We might wonder how any man, including a pharaoh, could remain so defiant when confronted with such compelling evidence of the power of the one true God. At one point even the magicians of Pharaoh recognized that the plagues were by the finger of God and begged him to capitulate to divine demands. But God had hardened the heart of Pharaoh, so that no matter what he suffered he would not submit:
The Lord said to Moses: Behold I have appointed thee the God of Pharaoh: and Aaron thy brother shall be thy prophet. Thou shalt speak to him all that I command thee; and he shall speak to Pharaoh, that he let the children of Israel go out of his land. But I shall harden his heart, and shall multiply my signs and wonders in the land of Egypt, And he will not hear you: and I will lay my hand upon Egypt, and will bring forth my army and my people the children of Israel out of the land of Egypt, by very great judgments. And the Egyptians shall know that I am the Lord, who have stretched forth my hand upon Egypt, and have brought forth the children of Israel out of the midst of them. (7:1-5)
How are we to understand this hardening of heart? It is not that God actively hardened Pharaoh’s heart but God withdrew whatever grace He may have otherwise offered, as punishment for his malice. Devoid of divine assistance Pharaoh became utterly evil, blind in his thinking and hardened in his heart.
God sometimes permits evil to become unmistakably manifest before he crushes it by divine providence.
I suggest that there are many parallels between this ancient account and our modern crisis in the Church. The Old Covenant faithful suffered under the reign of a pharaoh who knew not Joseph; the New Covenant faithful suffer under the reign of a pontiff who knows not Jesus. The pharaoh was a pagan who sought to weaken and crush true religion; this pope is a modernist who seeks to weaken and crush Catholicism.
It would appear that both figures also manifest an absence of divine assistance and a blindness and hardness that are providential punishments for defiance toward the Lord God.

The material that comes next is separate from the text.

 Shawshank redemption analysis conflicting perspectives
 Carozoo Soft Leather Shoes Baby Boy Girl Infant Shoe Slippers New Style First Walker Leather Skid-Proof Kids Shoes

It is hard to imagine that Jorge Bergoglio has any supernatural faith whatsoever, in light of his heretical statements.
Saint Thomas Aquinas, among others, teaches that someone who denies knowingly even one article of the Faith forfeits the supernatural grace of faith, as surely as mortal sins forfeit the grace of charity. One wonders whether Francis possesses this grace as well, given his numerous uncharitable insults directed at devout Catholics.
We see a parallel in the fact that the magician’s warnings to Pharaoh that he was contending against God were of no avail; similarly, a handful of the prelates of the present time have warned that the Bergoglian blitzkrieg against the Faith is misguided, for naught. The four Dubia Prelates are completely ignored and two are now dead, another prelate is in hiding for his life and yet another has already lost his high office.
As for the plagues, we are not suffering from the destruction of crops or an infiltration of frogs but for six long decades we have suffered the destruction of Catholic institutions and an infiltration of homosexuals. Diocese after diocese has gone into bankruptcy because of the sexual abuse of minors by clergy and now lawyers and attorneys general are poised to financially crush many more dioceses for sexual crimes. The faithful and the fallen world are scandalized by the corruption of so many clerics and prelates, such that the institutional Church has lost its pastoral and moral authority and it will soon be completely irrelevant.
And let’s not forget the plague of Islam, which is rapidly replacing Christianity as the dominant religion throughout much of Europe and making inroads in North America—a veritable invasion by immigration.
But God will not be mocked, and as surely as providence brought an end to the reign of Pharaoh and release to the Israelites, some day in some manner God will bring an end to the reign of the Modernists and release to the faithful.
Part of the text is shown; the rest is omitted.